[Start of section]

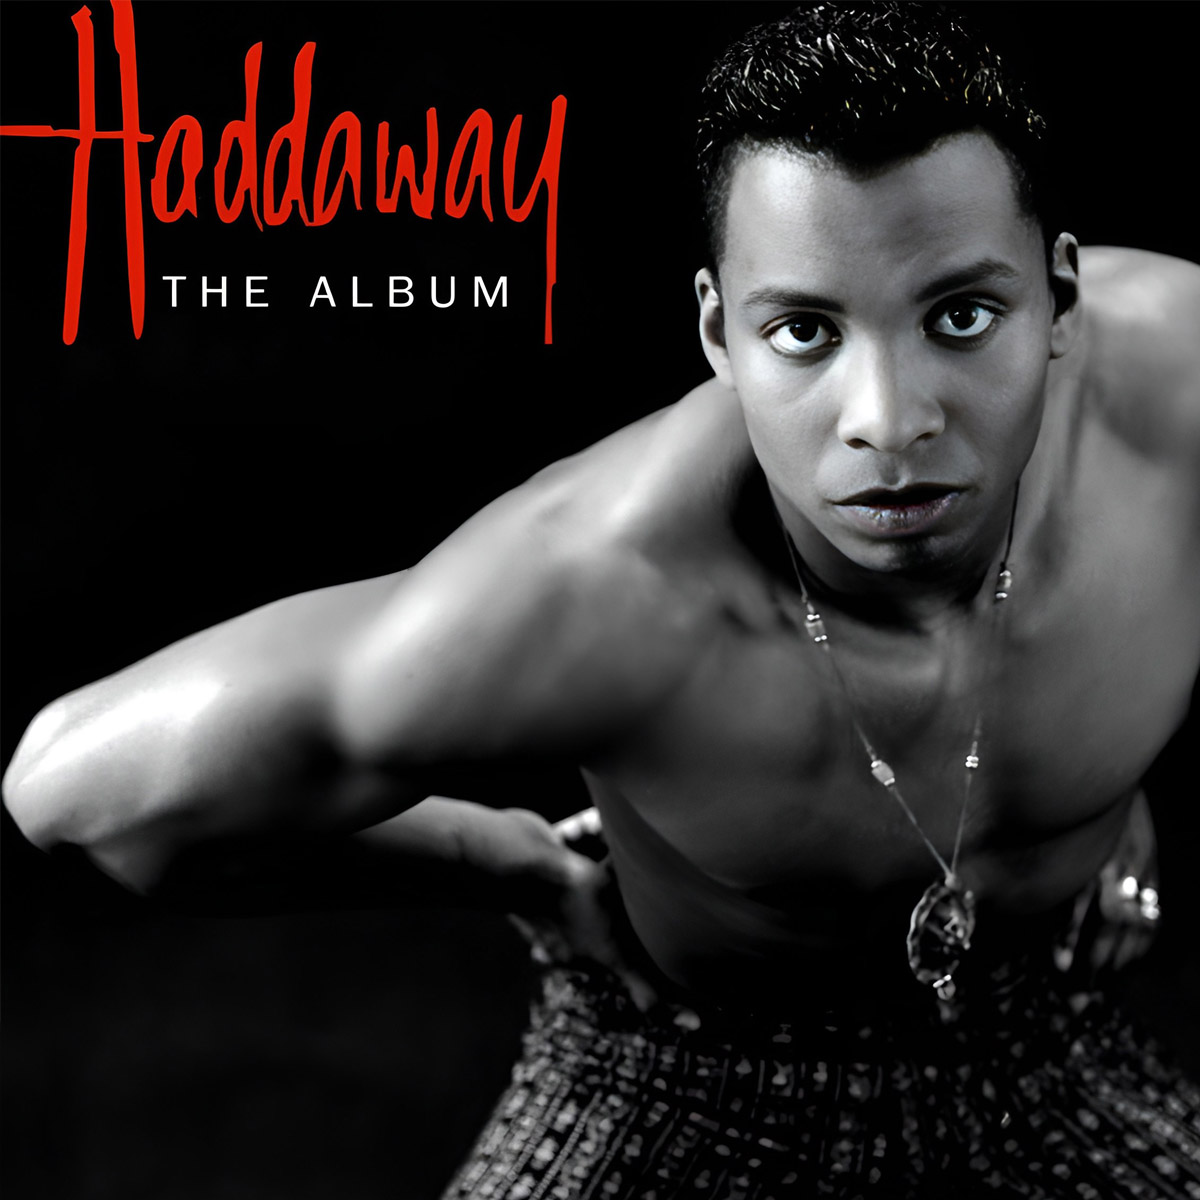 Обложка дебютного альбома Haddaway
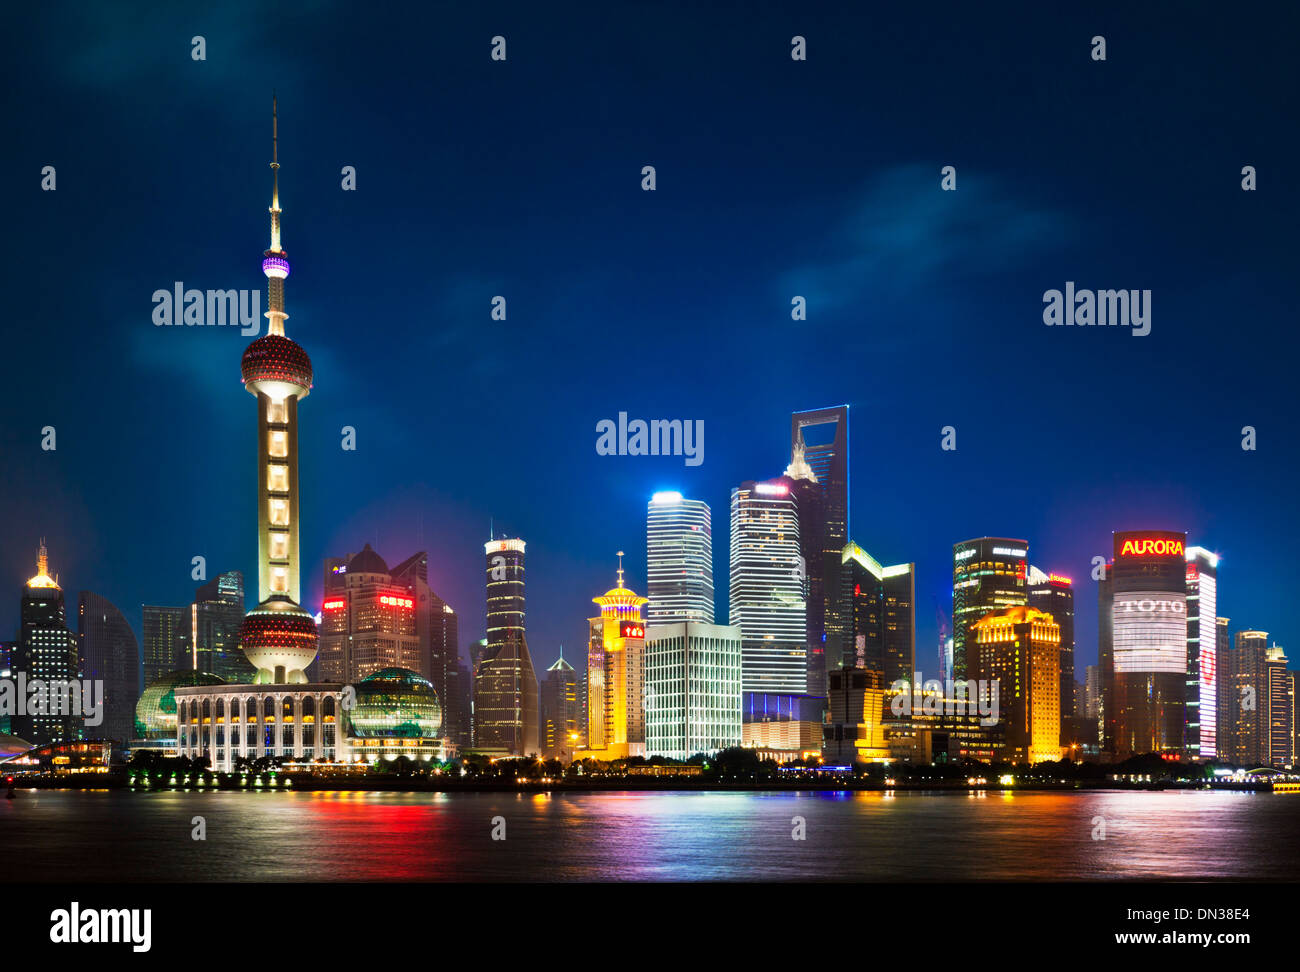 Skyline de Shanghai Pudong con perla iluminada por la noche China, República Popular de China, Asia Foto de stock
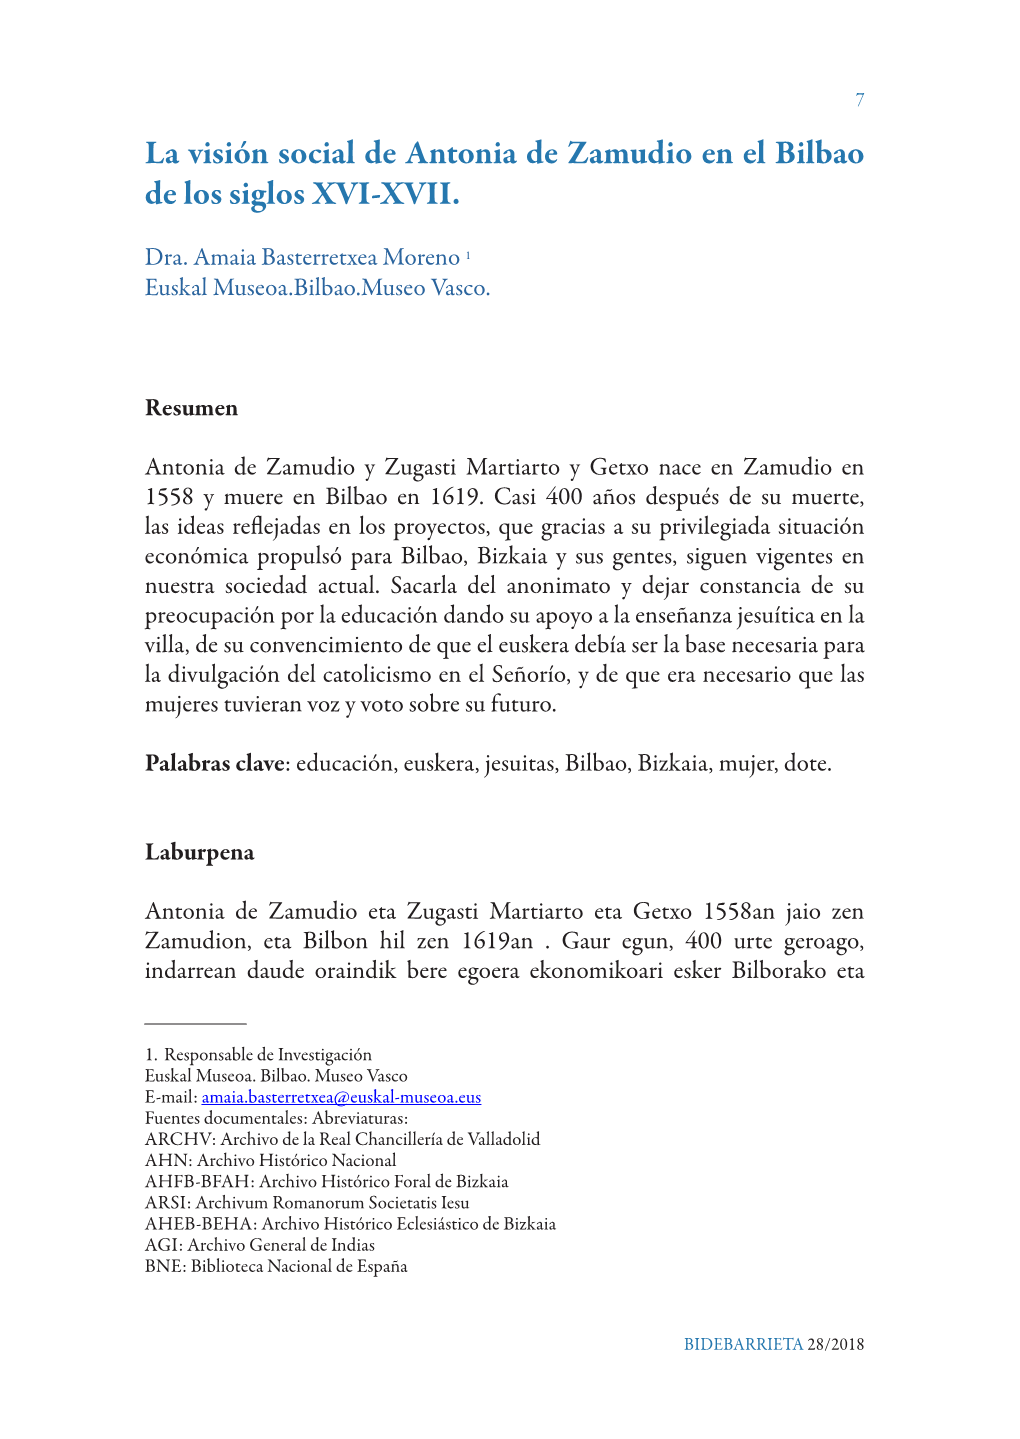 La Visión Social De Antonia De Zamudio En El Bilbao De Los Siglos XVI-XVII
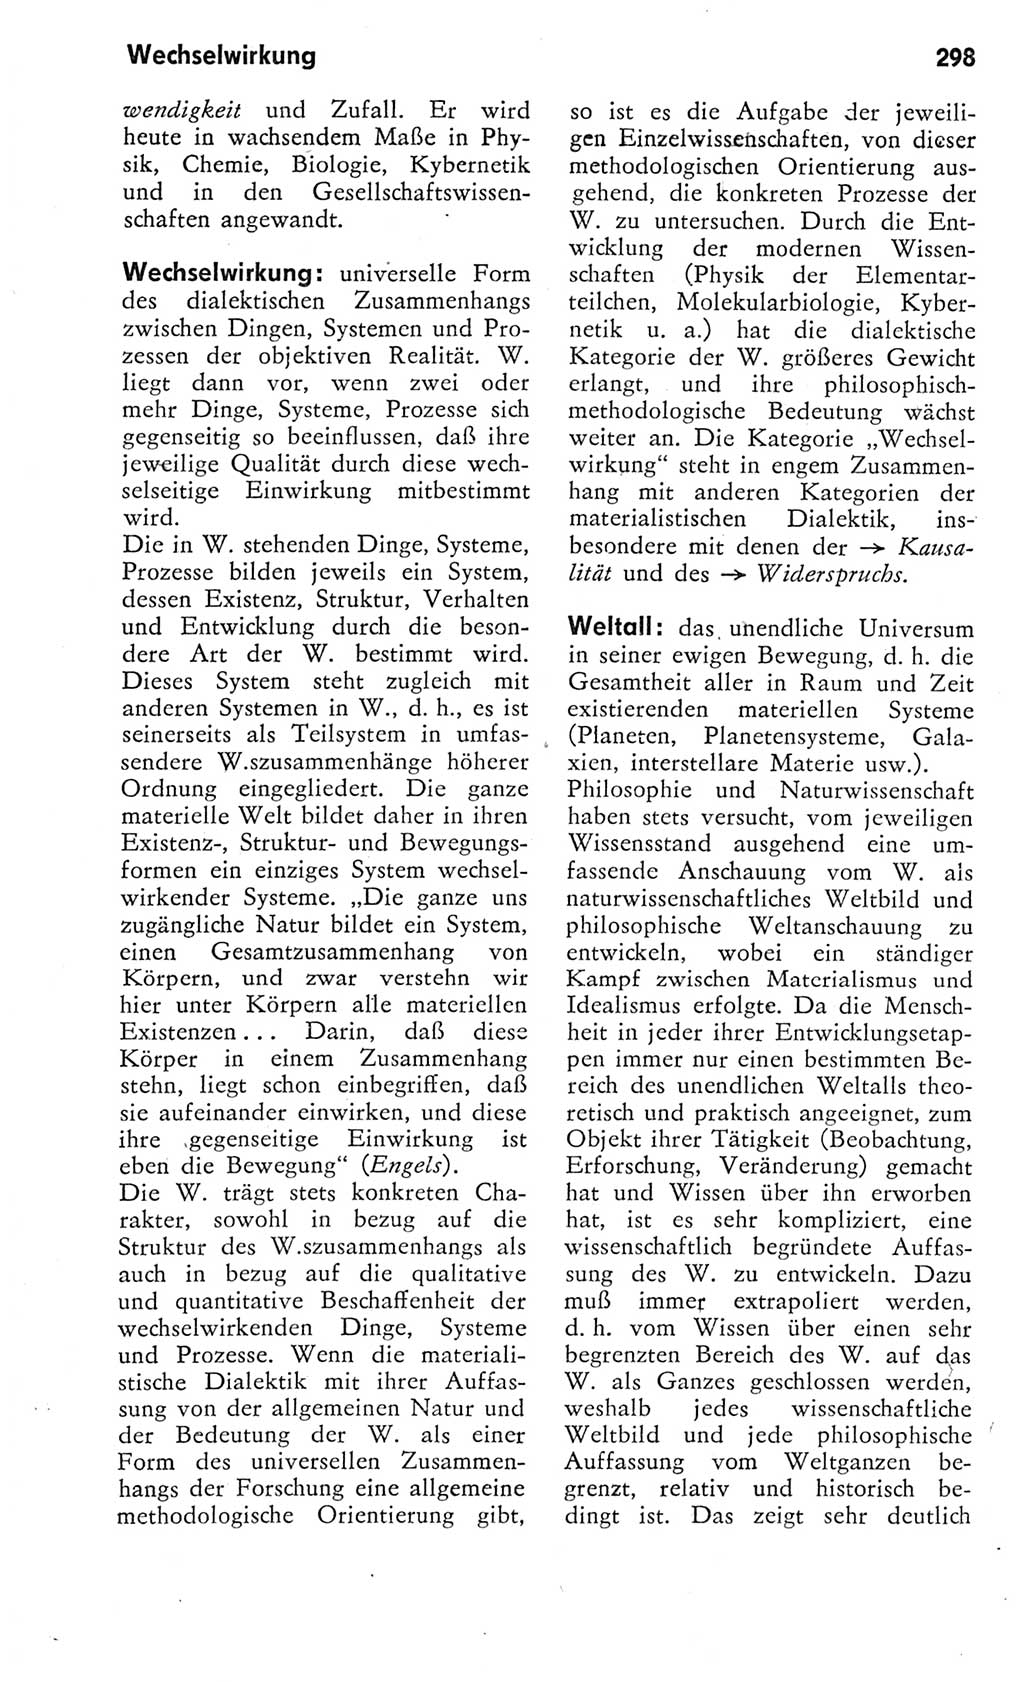 Kleines Wörterbuch der marxistisch-leninistischen Philosophie [Deutsche Demokratische Republik (DDR)] 1975, Seite 298 (Kl. Wb. ML Phil. DDR 1975, S. 298)
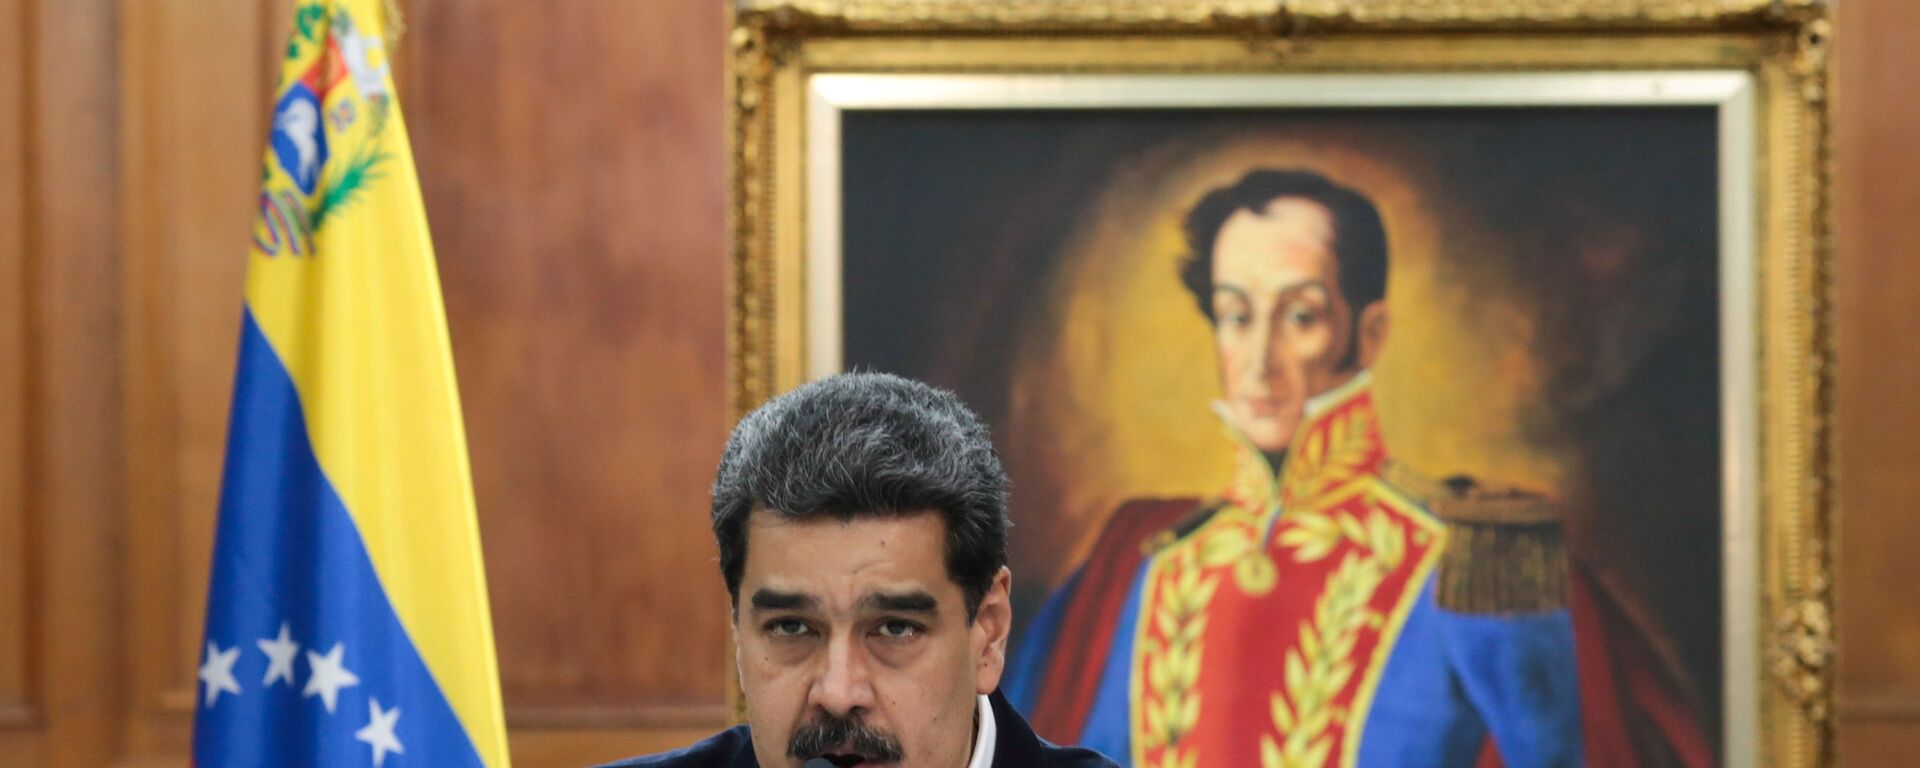 Venezüella Devlet Başkanı Nicolas Maduro - Sputnik Türkiye, 1920, 05.01.2021
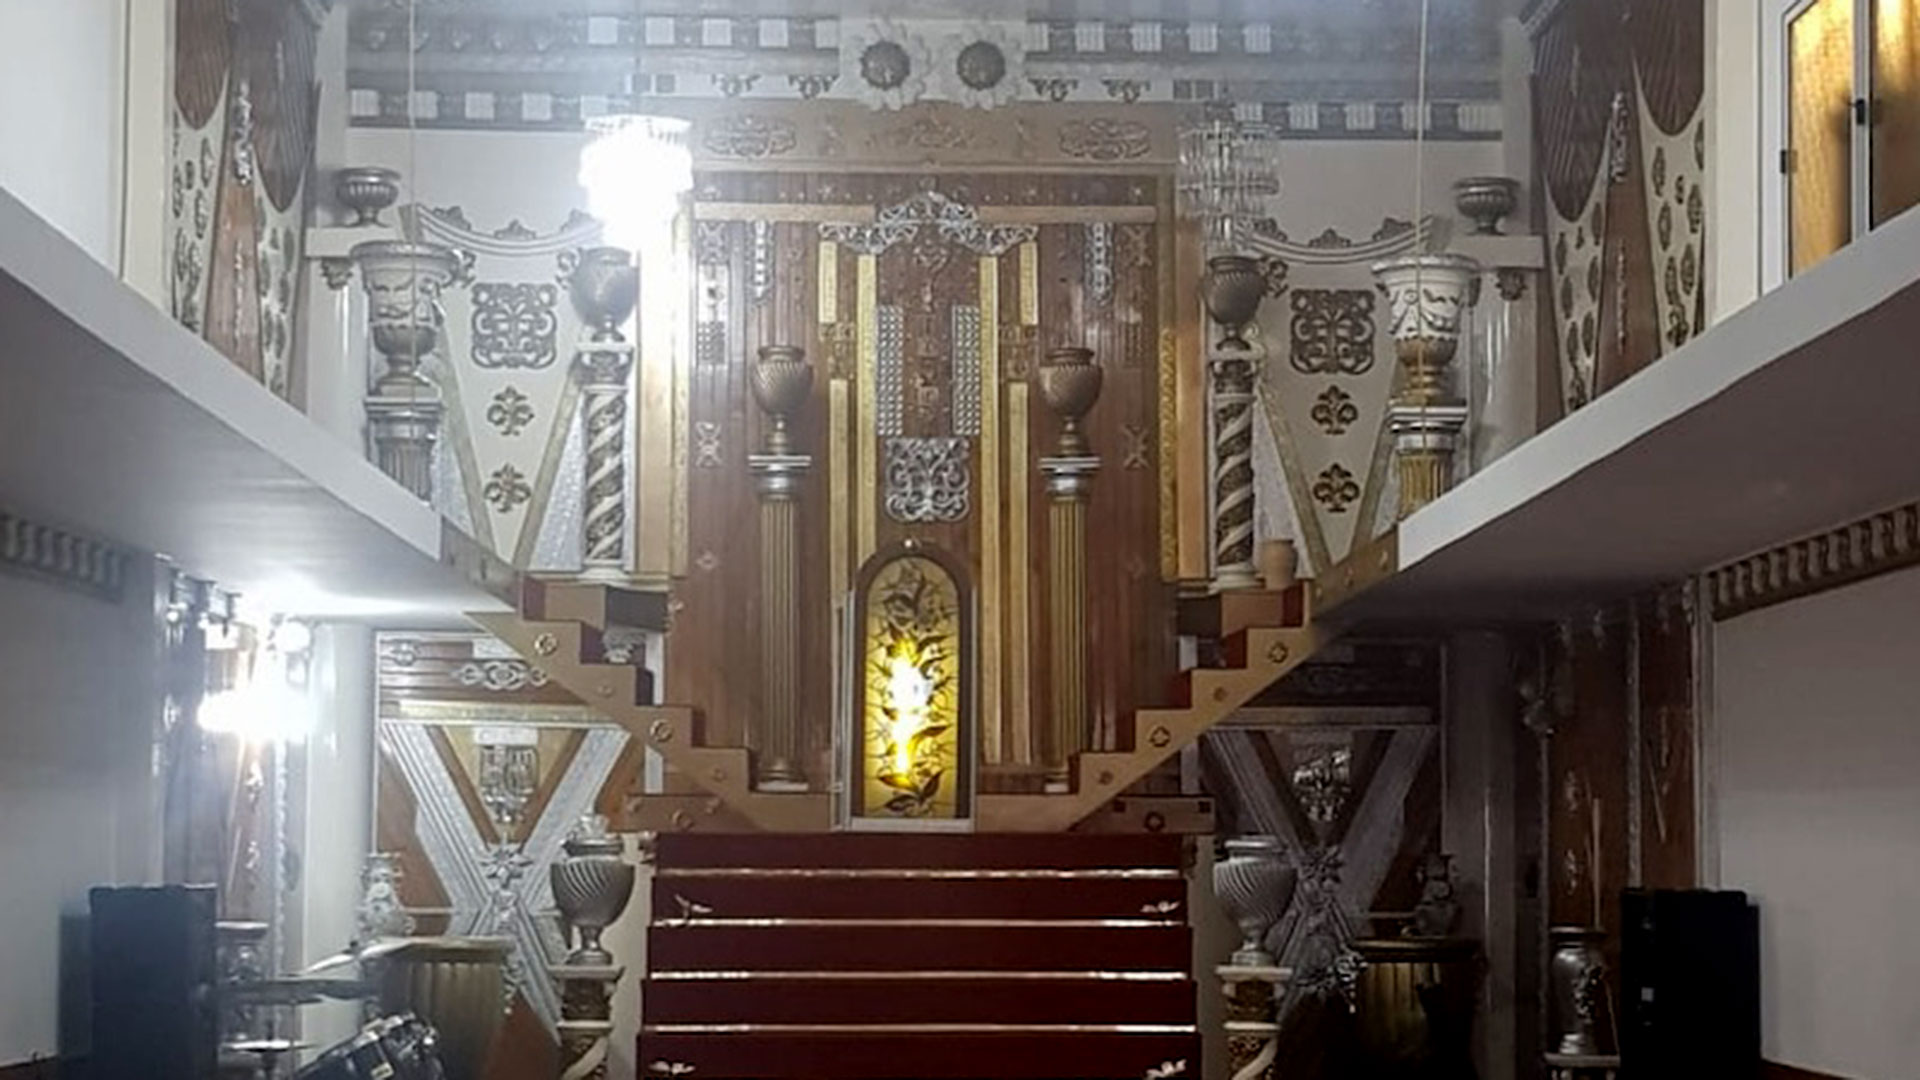 El templo de San Justo donde operaba la organización

[End of section]

## [The task]
Quote, word for word and nothing more, every line from the line with "Skyline de Shanghai" to the end of the entries, including both ends; skip any pictures.

## [Solution]
 Skyline de Shanghai Pudong con perla iluminada por la noche China, República Popular de China, Asia Foto de stock
 La Visión Social De Antonia De Zamudio En El Bilbao De Los Siglos XVI-XVII
 Kleines Wörterbuch der marxistisch-leninistischen Philosophie [Deutsche Demokratische Republik (DDR)] 1975, Seite 298 (Kl. Wb. ML Phil. DDR 1975, S. 298)
 Venezüella Devlet Başkanı Nicolas Maduro - Sputnik Türkiye, 1920, 05.01.2021
 El templo de San Justo donde operaba la organización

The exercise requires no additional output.